Screenshot 2022-09-01 at 17-48-46 Topic subscriptions - Wikipedia.png (335×1 px, 58 KB)

I just got a notification for someone replying to a thread with the same title, yet on a totally different page:

Screenshot 2022-09-01 at 17-49-36 Topic subscriptions - Wikipedia.png (139×500 px, 16 KB)

which is for https://en.wikipedia.org/w/index.php?title=User_talk:Tone&oldid=prev&diff=1107979257. When I look at that section, it does say [unsubscribe], though I never subscribed to it. If I look at some other admin's user talk page, e.g. https://en.wikipedia.org/wiki/User_talk:The_Earwig#Administrators'_newsletter_%E2%80%93_September_2022 it also says [unsubscribe].

My expectation is that when I subscribe to the thread on WP:AN, I'm just subscribing to that thread and not any same-named thread on any talk page.

Event Timeline

It works this way because that's how we keep the subscription working when a topic you subscribed to is moved to another page. Note that it tracks by the author and time of the first comment, rather than the section heading text (to keep the subscription when it's renamed, too).

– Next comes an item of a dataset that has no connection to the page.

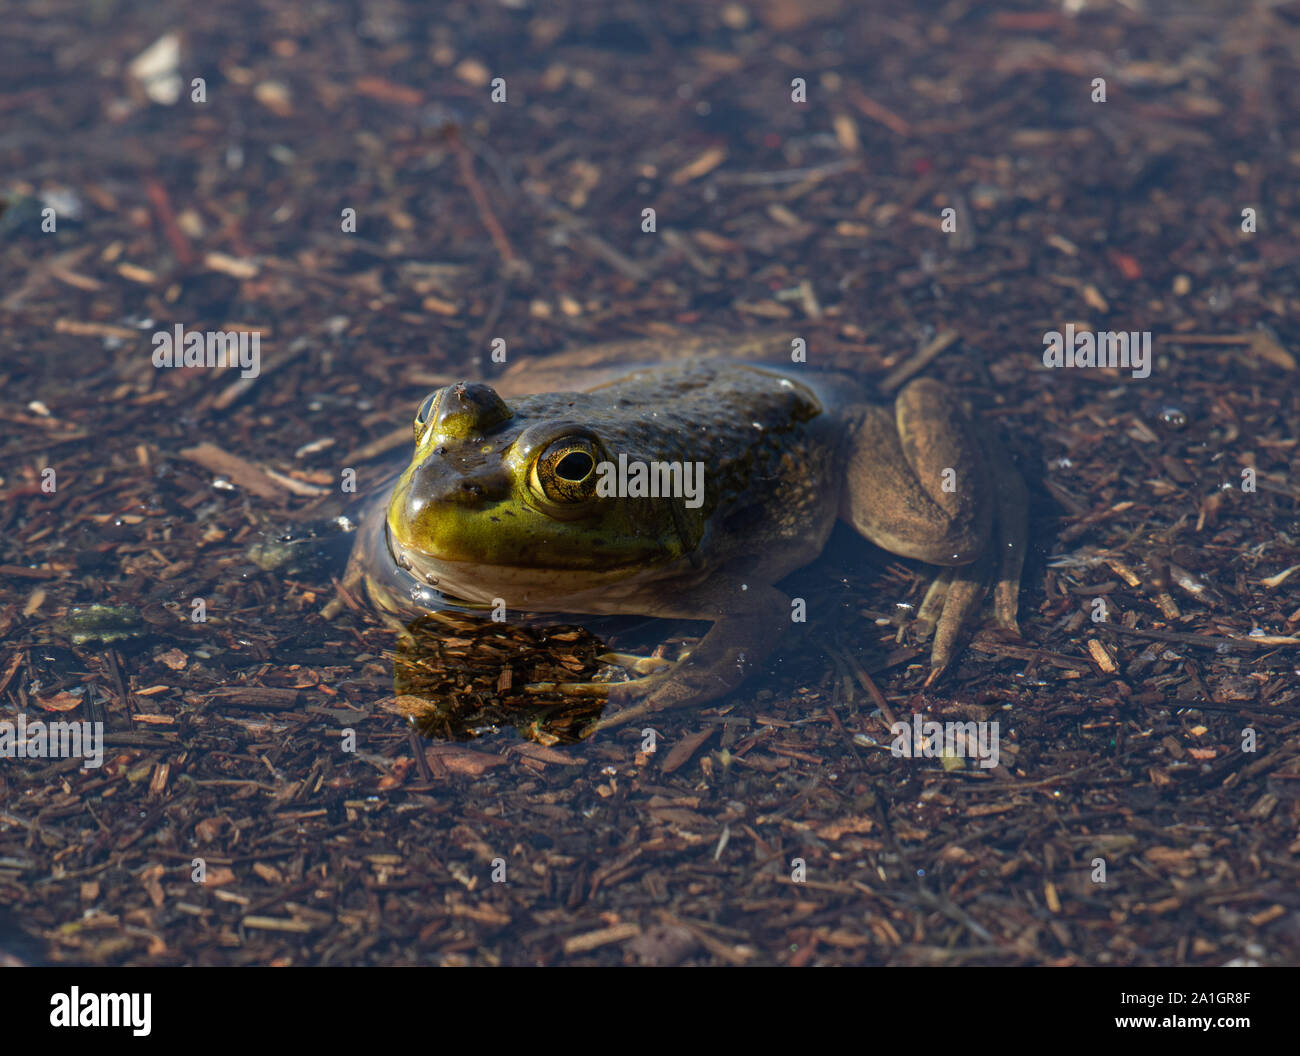 American Bullfrog or Lithobates catesbeianus Stock Photo

Thinking about it, now we've got the permalink-tracking spinning up, maybe we could improve this? My thought is that we can:

  1. Store the page that the subscription initially occurred on.
  2. After a comment is left, check whether the subscribed section actually exists on that page via examining the permalink tables. (I didn't verify that we can definitely do this.)
  3. If yes: only notify if the edit happened on that same page.
  4. If no: go ahead and fall back to the current behavior.

It'd make building the initial list of people to notify more expensive because we'd need to do some joining or extra queries, but it'd avoid the issues that "newsletter"-type talk page usage incurs.

MassMessage could potentially add some random token to each delivery to allow DiscussionTools to differentiate them. That would probably fix the majority of instances but not all of them given that not everyone uses MM.